You make it exasperating for us to help you, and exasperating for yourself, by going off on tangents, such as what happens for expressions with exponents.

@Rouben Rostamian Your solution works if k evaluates to a name (as opposed to, say, a number), and f behaves reasonably when given symbolic input. If either of these things are not true, unevaluation quotes are needed, as in

['f(k)' $ 'k'= 0..5]

One thing that I like about ~ is that it doesn't require introducing a bound variable, the k in this case.

If speed is a concern, seq is usually faster than either of these, and also faster than map. Unfortunately seq has ugly syntax.

@Stretto You're right, it's no different. To answer properly, I need to see exactly how it displays on your screen. Can you post an executed worksheet?

If you're using the command-line interface, I don't think that it's going to be possible to get the display that you want.

If you want it to simplify to 9, just use the regular operators, not the inert ones.

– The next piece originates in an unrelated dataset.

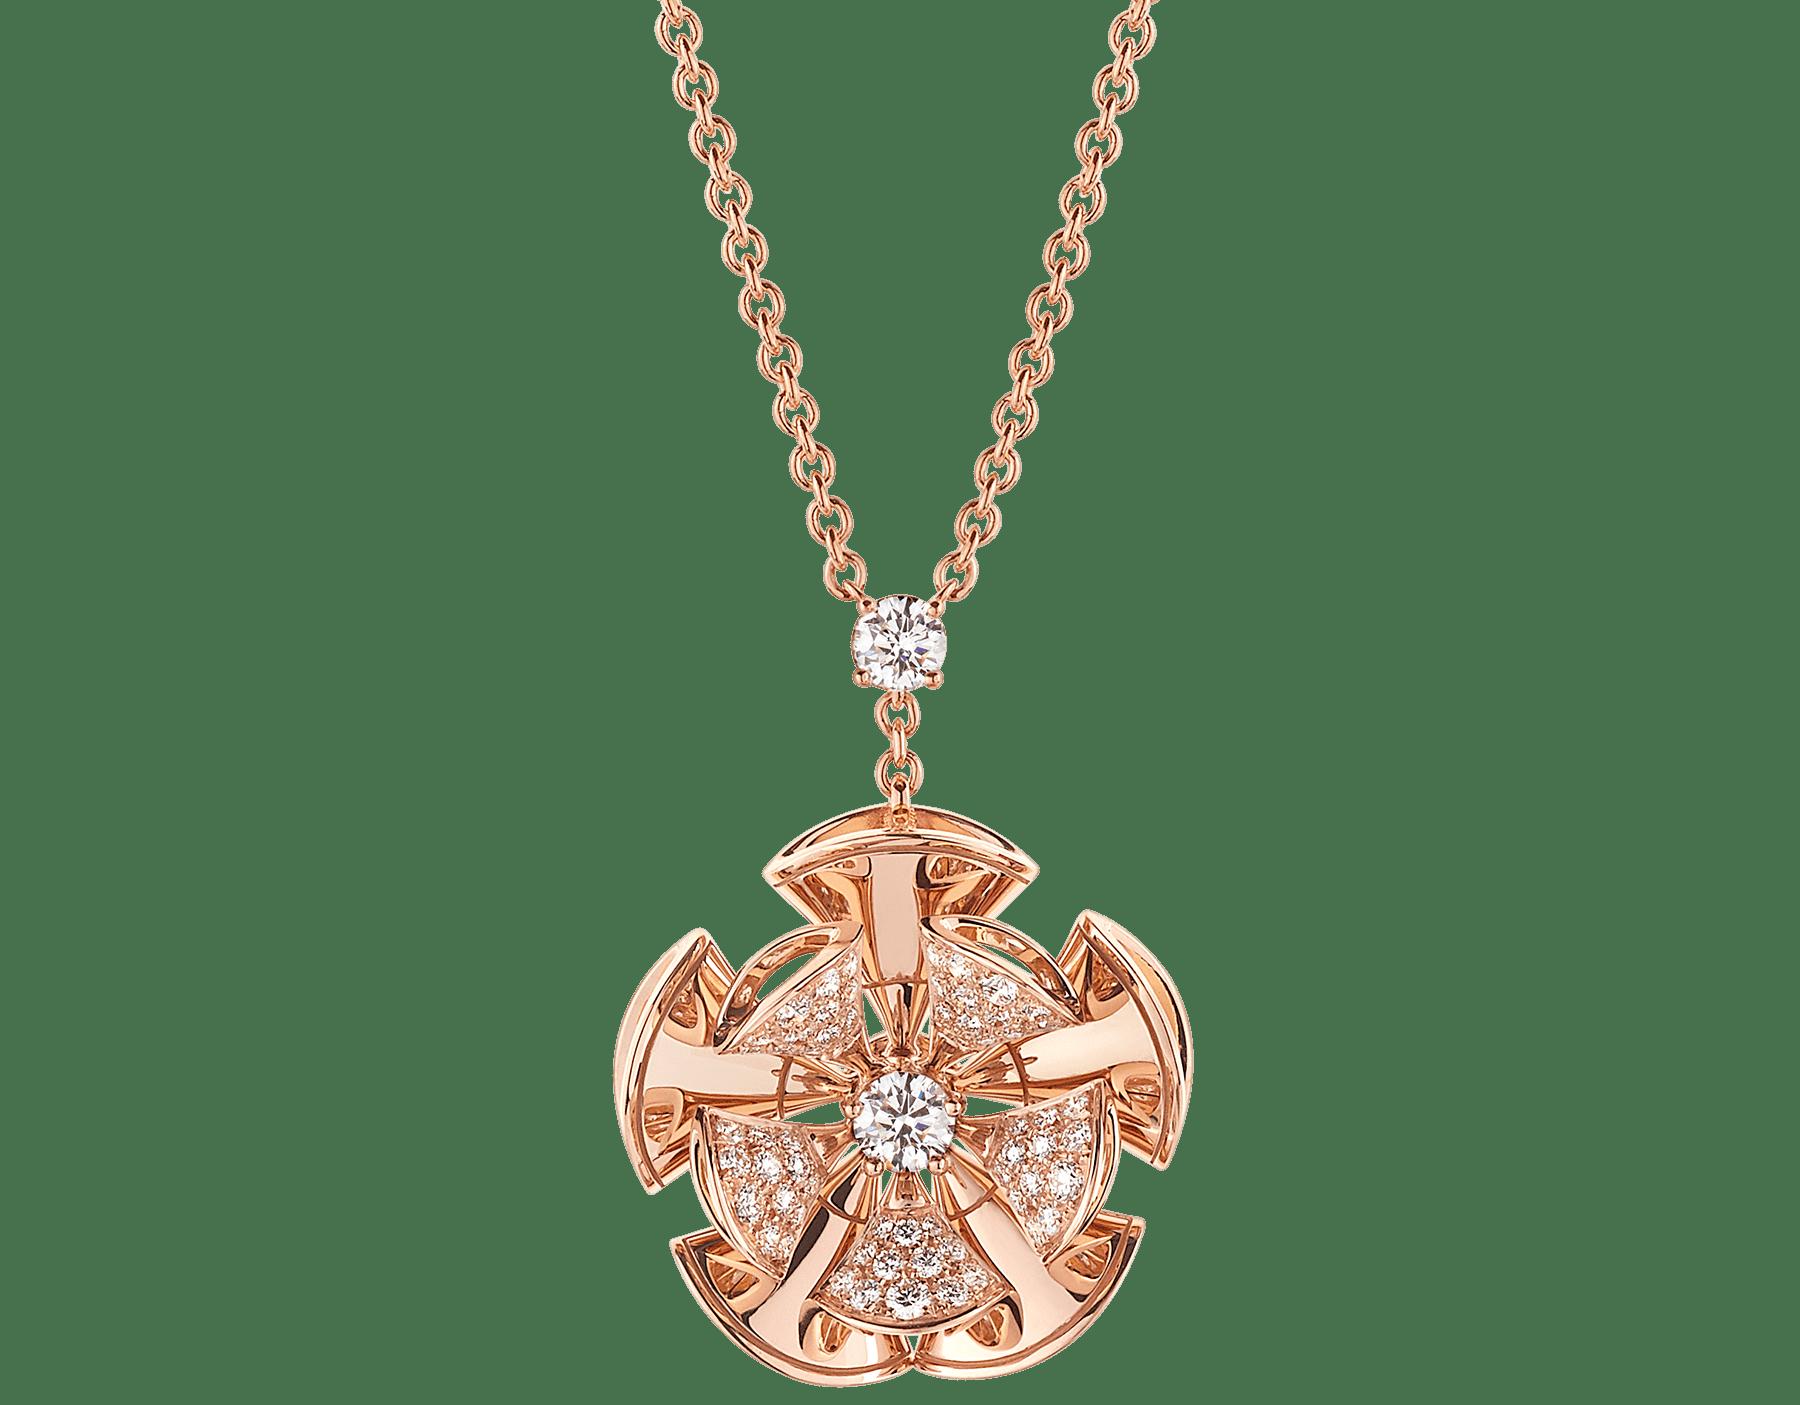 Resplandecendo com a elegância floral de pétalas de ouro rosa e diamantes cravejados, o colar DIVAS' DREAM reina supremo no jardim do glamour. 350783 image 1

@Stretto Unfortunately, the % operators do not have the same precedence as their regular counterparts. I'll admit that this is bad design on Maple's part. So, you need to use parentheses to clarify:

(3^3) %/ 3

This is different from (3^3)(%/3). This latter expression is probably something that you'd never actually want. And I'll explain what it does, if you'd care to know.

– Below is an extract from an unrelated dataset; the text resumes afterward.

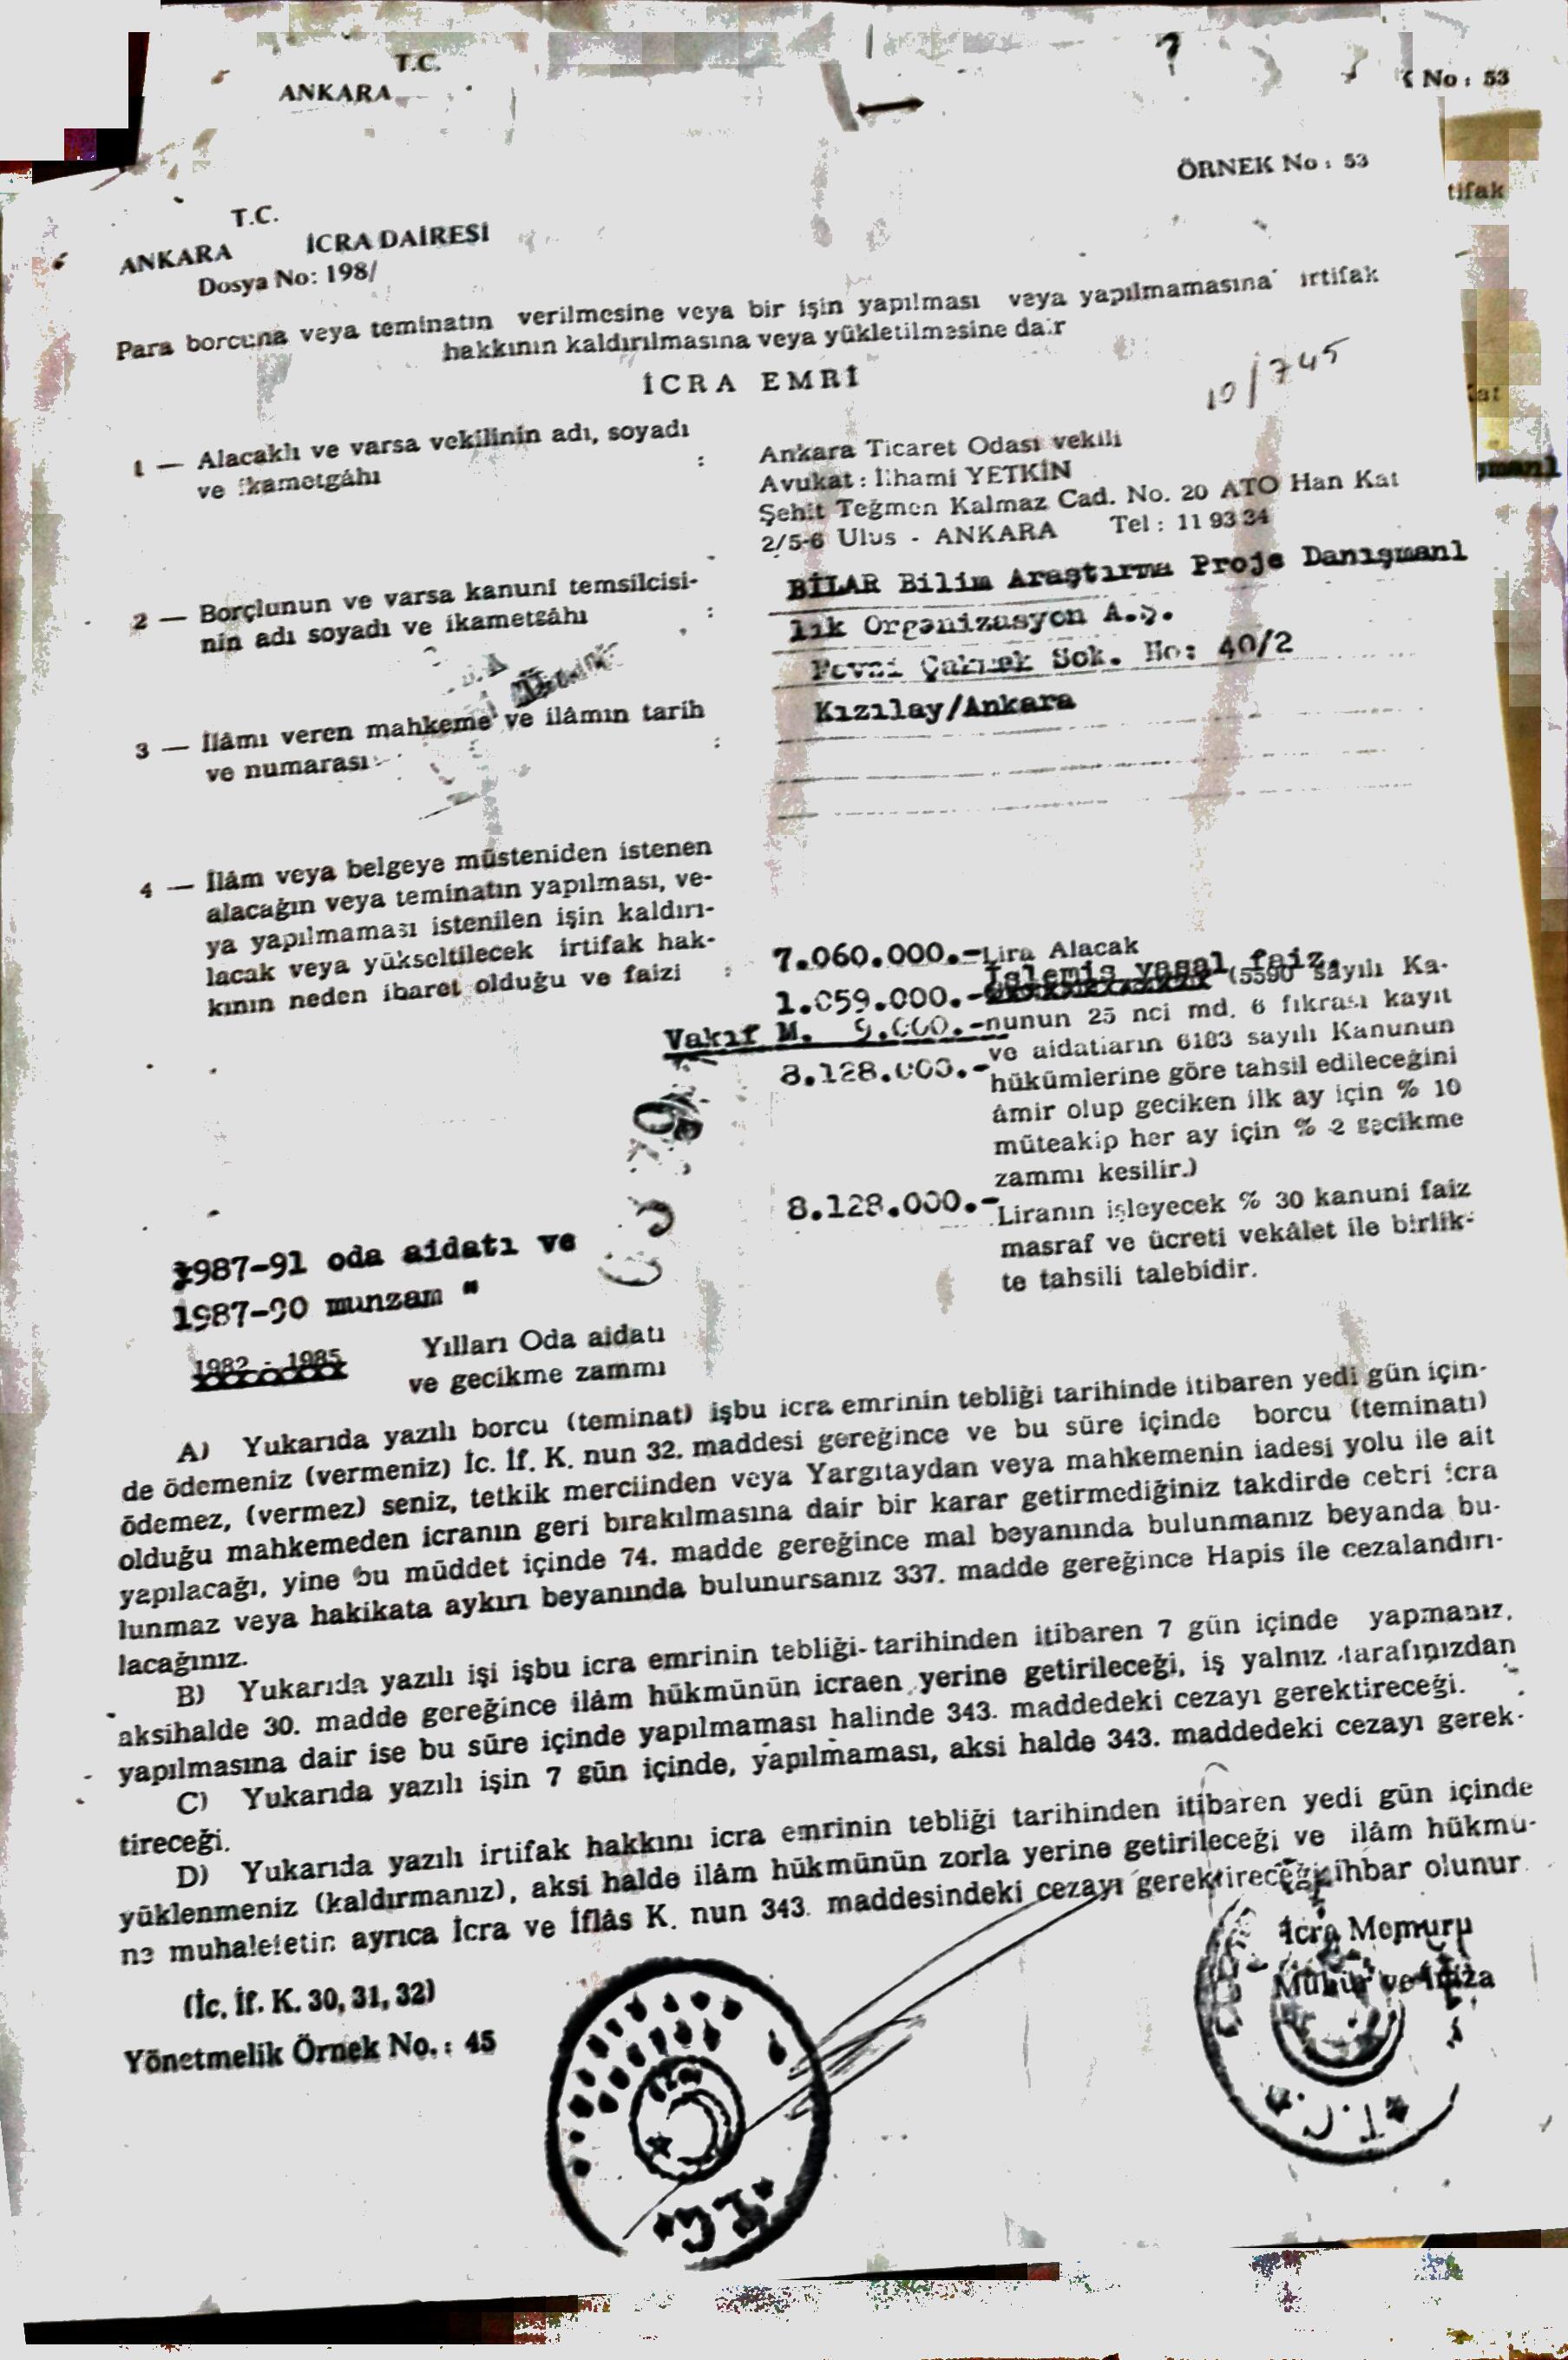 1987_belge-ATO-uyelik-icra.jpeg

To answer properly, I need to know exactly how the output of the things that you show appears on the screen. The copy-and-paste mangles it.

If you give the command 

interface(displayprecision);

what is the result? If it's anything other than -1, then do

interface(displayprecision= -1);

Then explicitly delete the plot output (Ctrl-Delete), and rerun the plotting command. I'm just guessing that this might work.